Durante reunião da Kunhangue Aty Guasu – Grande Assembleia das Mulheres Kaiowá e Guarani – realizada no município de Amambai, em 2018, ao refletir sobre o caso de uma das personagens do documentário, Élida de Oliveira, uma liderança kaiowá presente disse:

Quem é o culpado de tudo, dessa retirada de crianças guarani? O culpado é próprio governo, […], porque nós não temos mais rios, não temos mais bicho, não temos mais caça, não temos mais mel, não tem mais, por isso estamos morando na beira da estrada, embaixo de lona, estamos tomando água suja. Isso é que vocês têm que entender. Quem é o culpado? É o próprio governo.

Foi em meados dos anos 2000 que ganharam destaque nacional na imprensa as denúncias sobre mortes de crianças indígenas por desnutrição em Mato Grosso do Sul. O estado concentrou, por volta de 2004/2005, um alto índice de registros de mortalidade infantil, o que foi objeto de investigação de duas Comissões Parlamentares de Inquérito – uma estadual, em 2005, e outra federal, em 2008 – que deveriam apurar as causas, as consequências e os responsáveis pelas mortes de crianças indígenas por subnutrição.
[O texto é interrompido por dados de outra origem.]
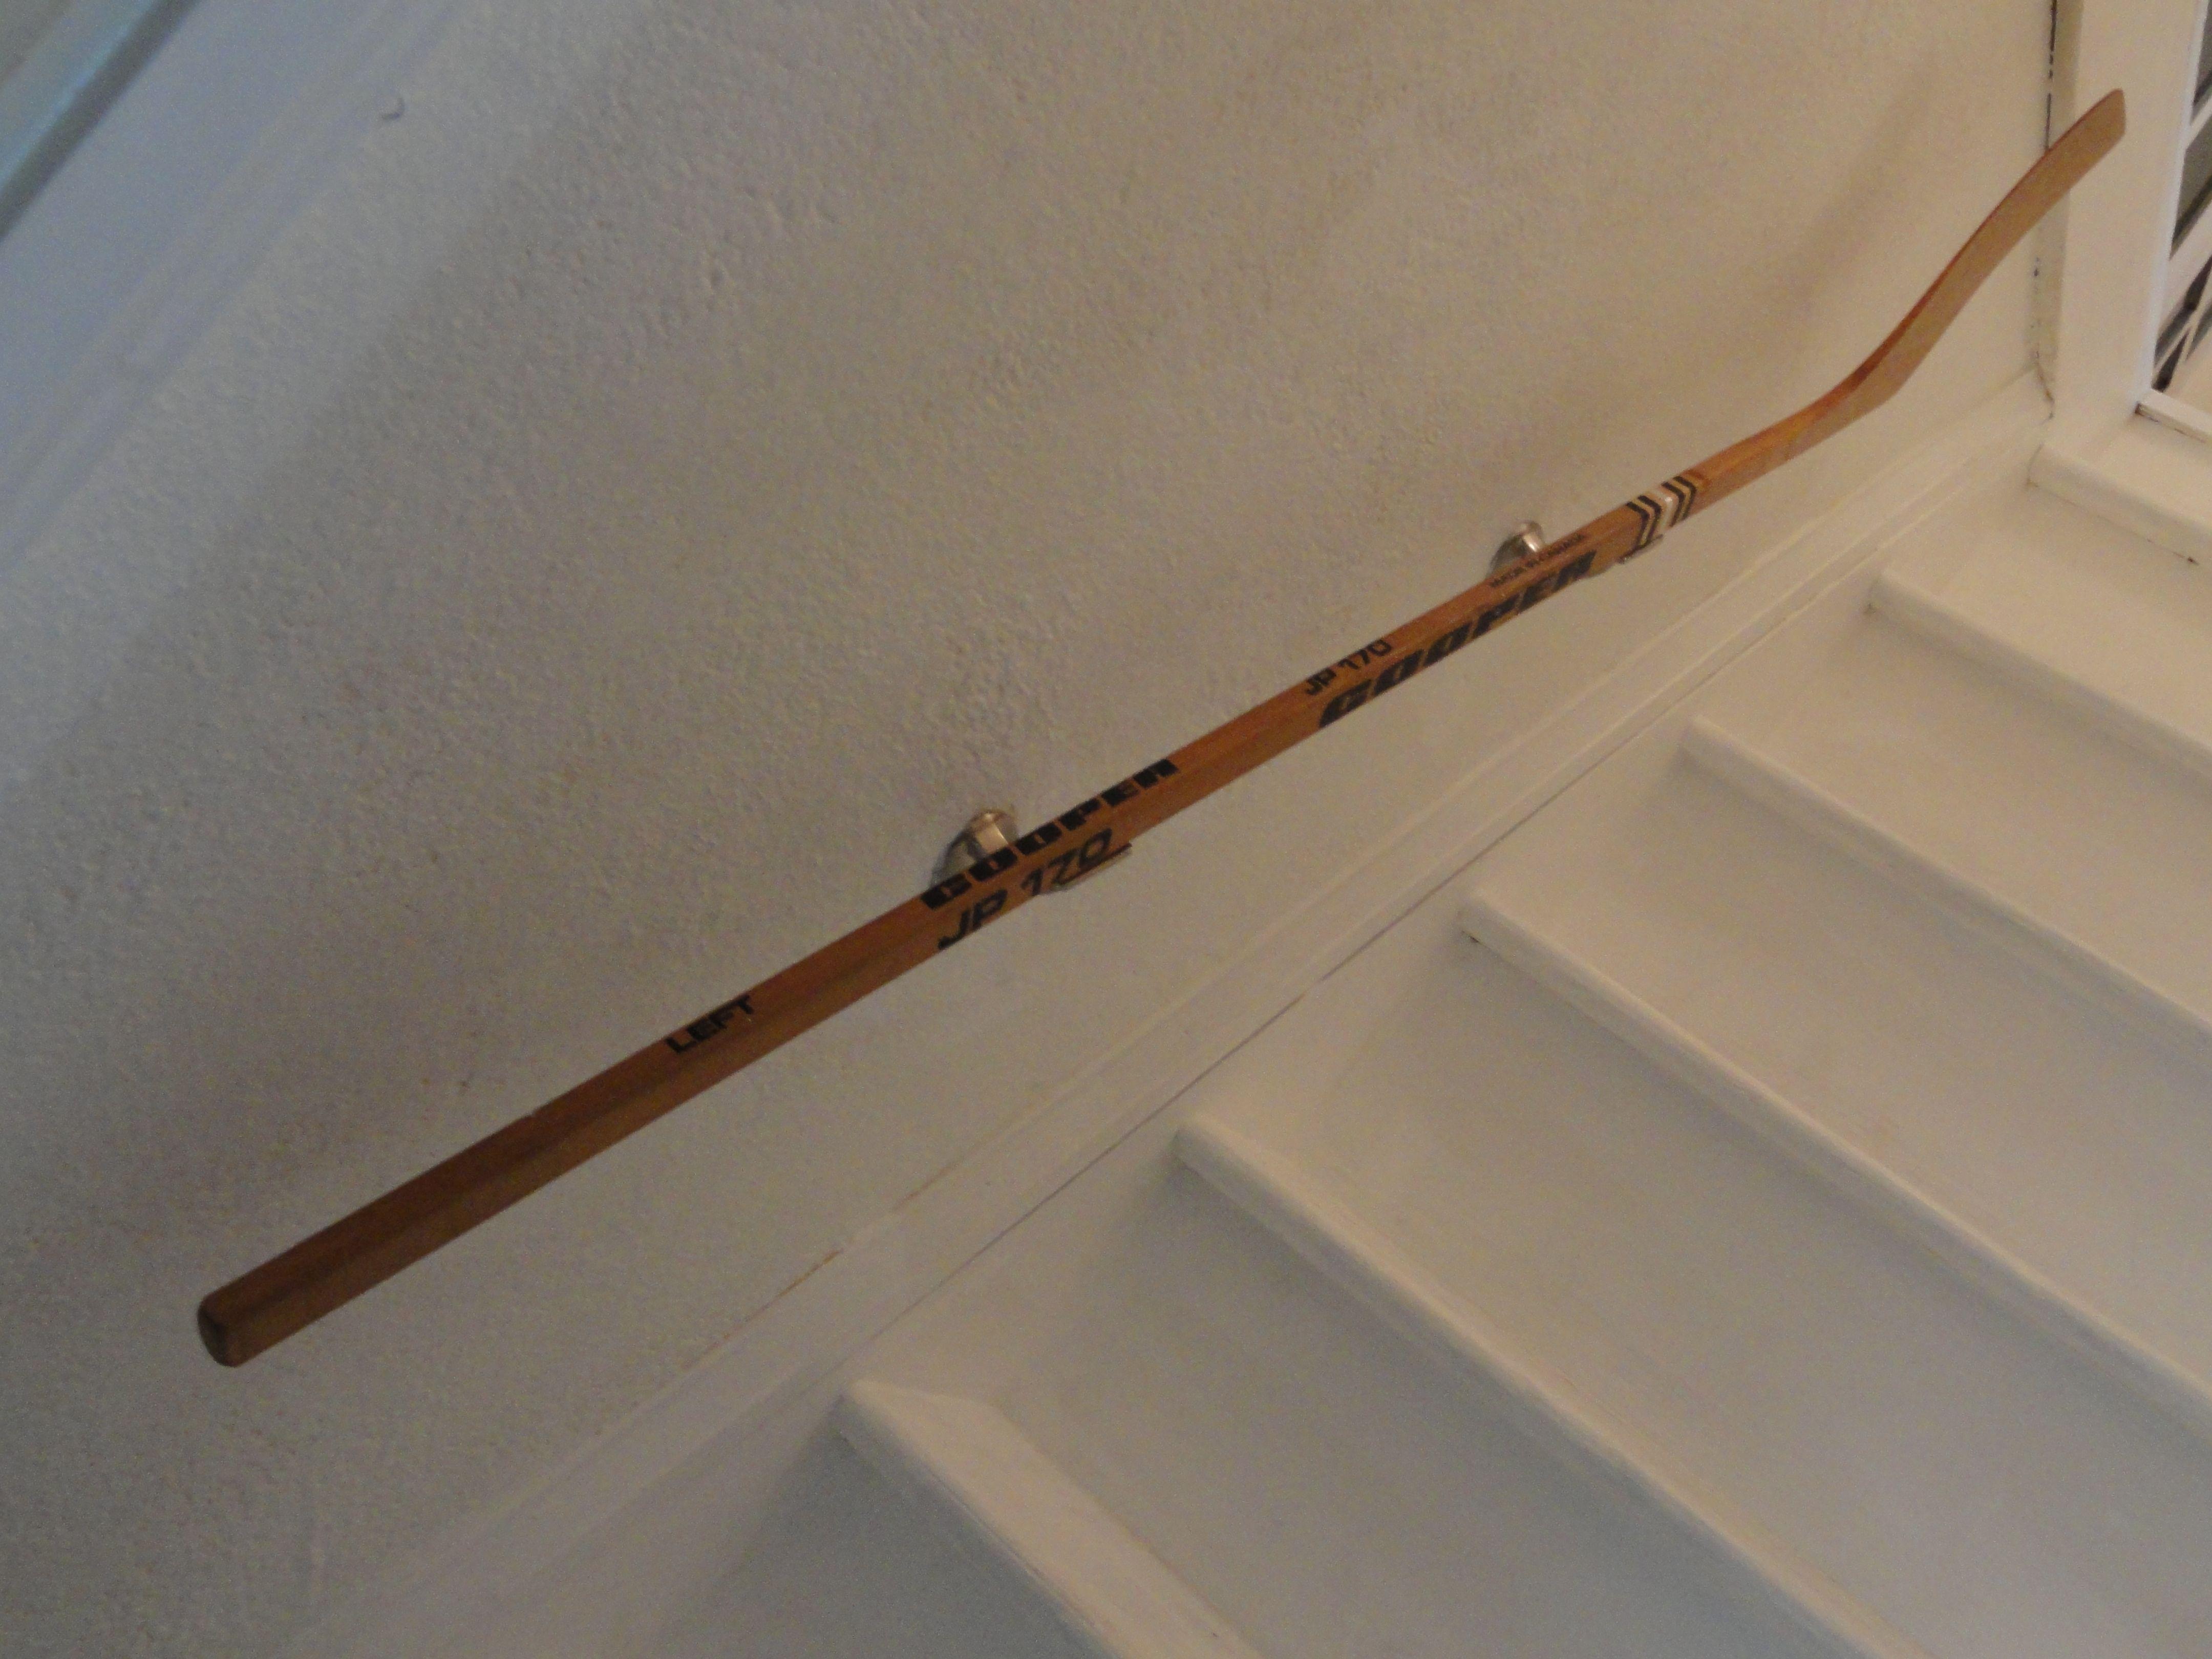 Pin By Samantha Kennett On For The Home Hockey Room Hockey Decor Hockey Stick

É em meio a essa busca do Estado por oferecer resposta a essa problemática que novos agentes e políticas entraram em cena e se depararam com a questão dos acolhimentos de crianças kaiowá e guarani.

Foi nesse período, em que eu cursava a graduação em Ciências Sociais na recém criada Universidade Federal da Grande Dourados que me aproximei das histórias sobre a judicialização envolvendo a guarda das crianças indígenas kaiowá e guarani, em Mato Grosso do Sul. A retirada, o “abrigamento” (termo utilizado na época) e a adoção (como se diz hoje, compulsória) dessas crianças por outras famílias provocava, e ainda provoca, discussões acaloradas entre os agentes da chamada “rede de proteção”. Entretanto, o tema aciona experiências de sofrimento, violência, indignação e luta de longa duração na história dos povos indígenas.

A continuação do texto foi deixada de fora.